Recent advances in neural networks (NN) and machine learning (ML) algorithms have been beneficial in expediting labour-intensive nematode research. In this paper, the authors assessing nematode behaviour, use a high throughput screen called C. elegans Snapshot Analysis Platform (CeSnAP) which enables researchers to go beyond subjective scoring and obtain a more reliable data analysis.
The authors discovered a novel link between branched-chain amino acid transferase 1 (BCAT1) and Parkinson’s Disease (PD) as the RNAi knockdown of neuronal bcat-1 in C. elegans causes abnormal age dependant spasm-like ‘curling’ behaviour. Using CeSnAP, the authors performed high-throughput curling analysis of a total of 17,000 worms in order to identify drugs that ameliorate PD-like motor dysfunction. They found that enasidenib, ethosuximide, metformin, and nitisinone are promising candidates for PD.

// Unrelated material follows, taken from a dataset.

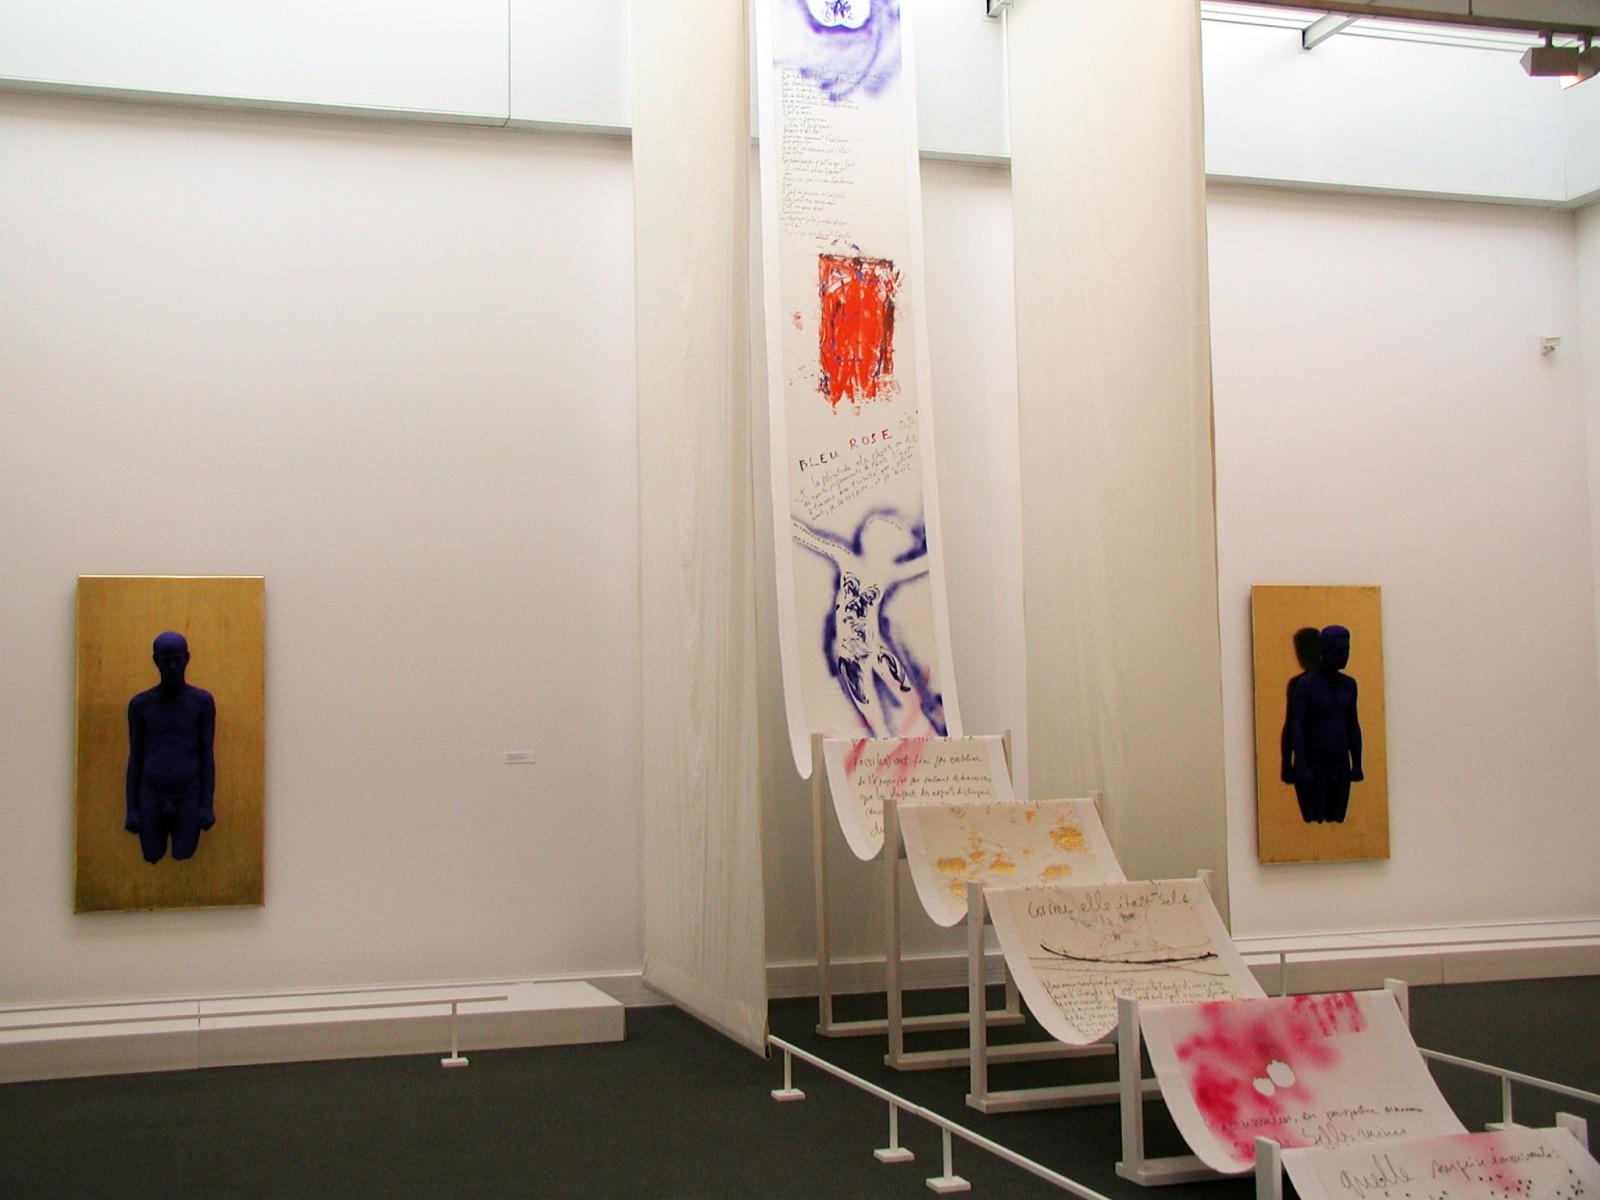 View of the exhibition, "Yves Klein, "La vita, la vita stessa che é l'arte assoluta", Museo Pecci, 2000
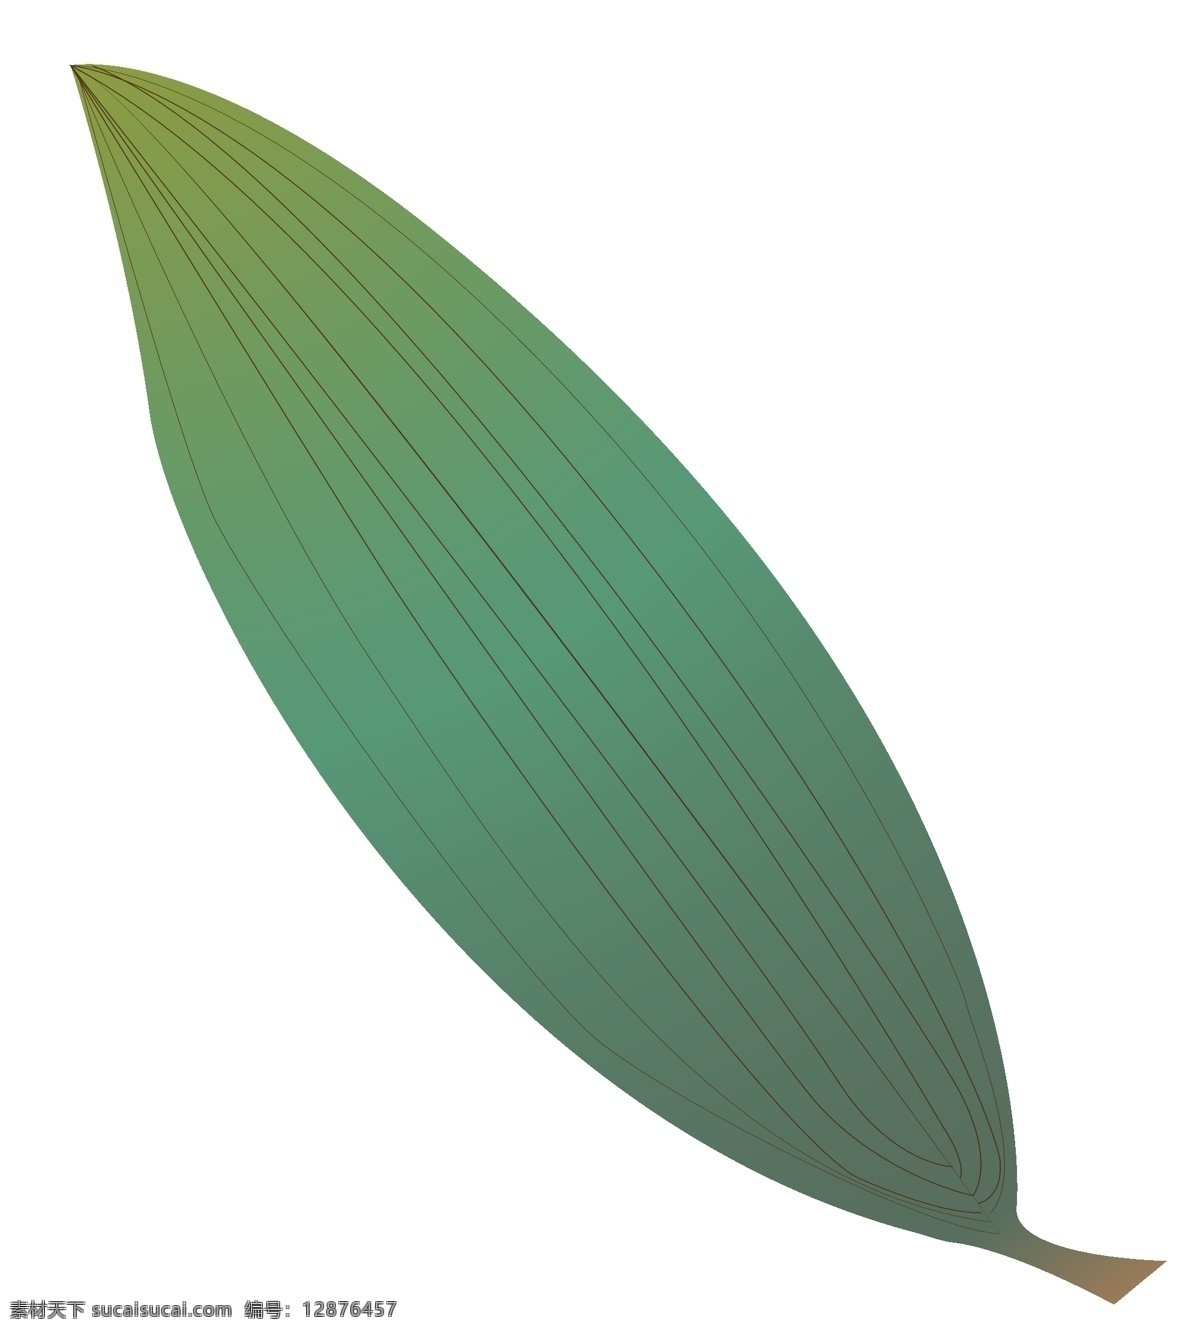 细长 绿色 叶子 插画 竹子的叶子 卡通插画 叶子插画 树叶插画 绿叶插画 植物叶子 细长的叶子

This study is an example of the increasing trend towards employing neural networks and machine learning in nematode research and how beneficial it can be to effeciently collect and analyze large amounts of data.
Sohrabi, S., Mor, D. E., Kaletsky, R., Keyes, W., & Murphy, C. T. (2021). High-throughput behavioral screen in C. elegans reveals Parkinson’s disease drug candidates. Communications biology, 4(1), 1-9.